About the Education-Centered Medical Home
The Education-Centered Medical Home (ECMH) is a four-year, longitudinal, ambulatory experience based in existing primary care clinics where multilevel student teams (four from each class) work collaboratively to care for high-risk patient panels. In this student-centered learning environment, trainees can learn traditional patient care, communication and medical knowledge objectives and work toward competence in a number of areas.

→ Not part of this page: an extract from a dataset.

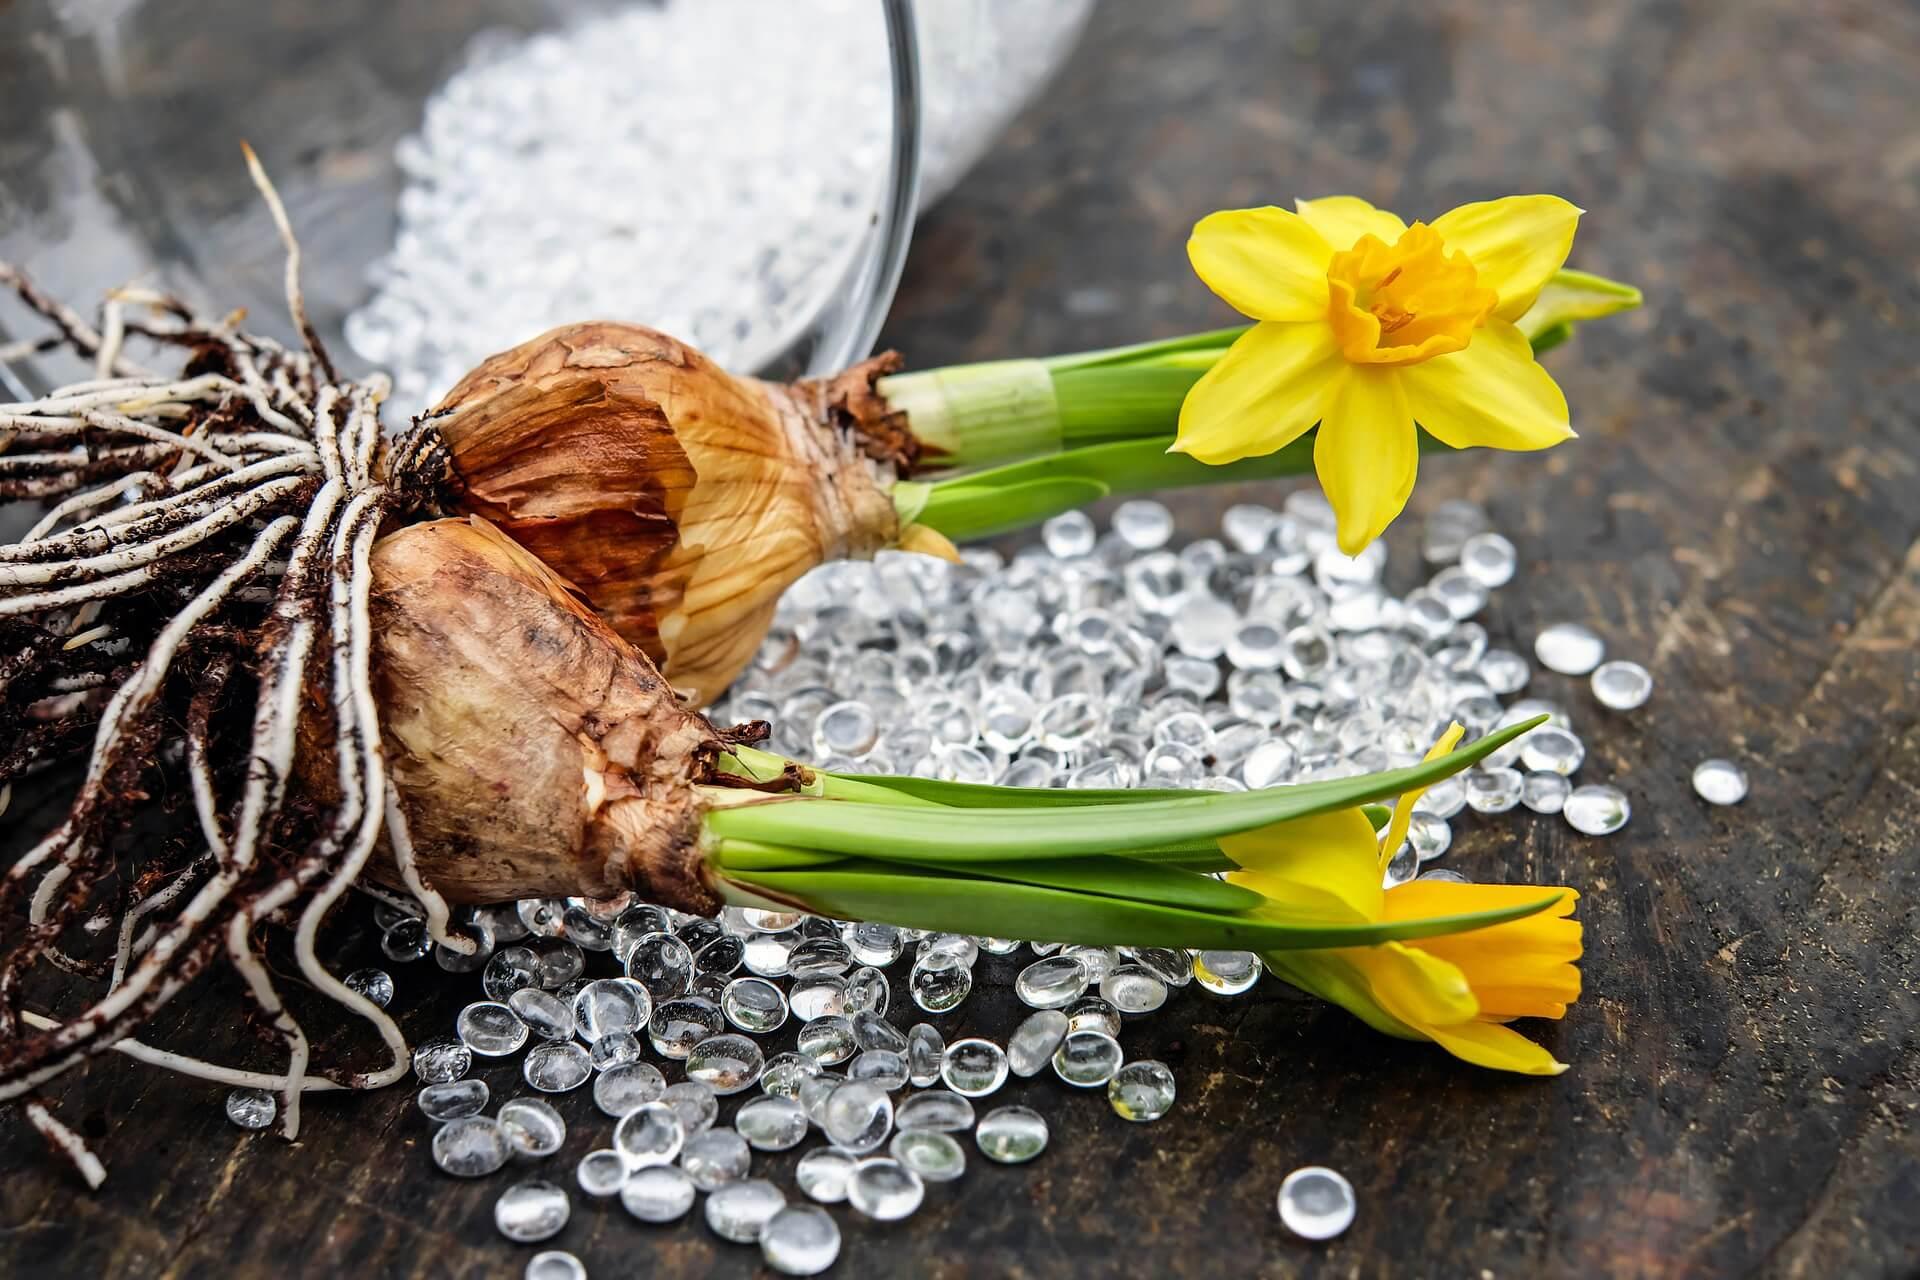 Bulbi In Vaso Di Vetro.Coltivare Bulbi Vasi Di Vetro 2 Vivaio Scariot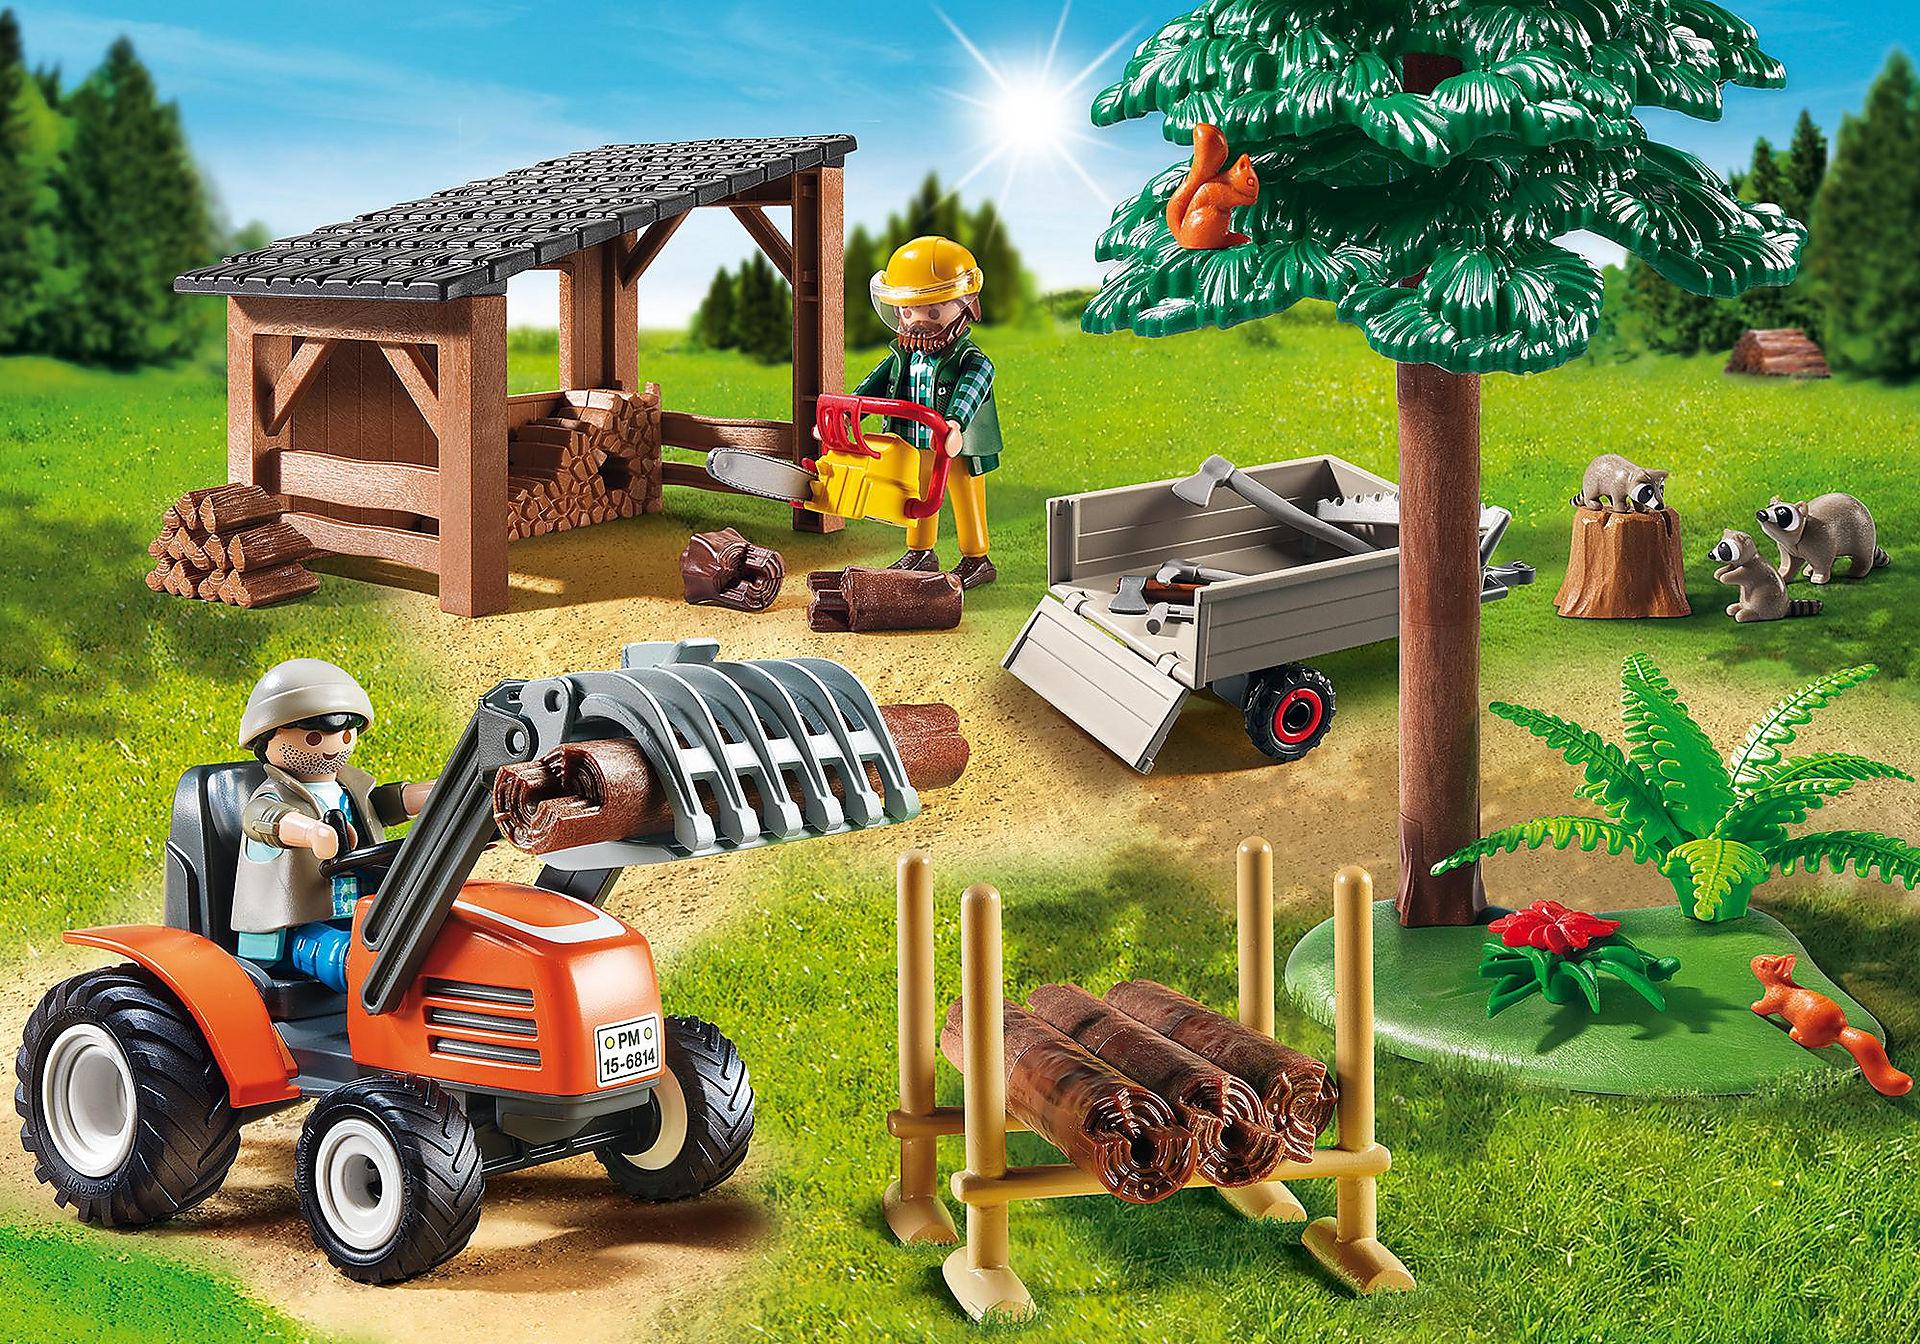 6814 Holzfäller mit Traktor zoom image1

Didactics (monthly ECMH Grand Rounds) focus on nationally endorsed patient-centered medical home principles:
- Personal physician
- Team-based care
- Whole-person orientation
- Integrated/coordinated care
- Quality/safety commitment
- Enhanced access
- Payment reform
Each student in the ECMH will deliberately practice clinical care in accordance with these nationally endorsed principles, and their patient outcomes will be tracked and published across all ECMH sites to emphasize continuous quality improvement principles.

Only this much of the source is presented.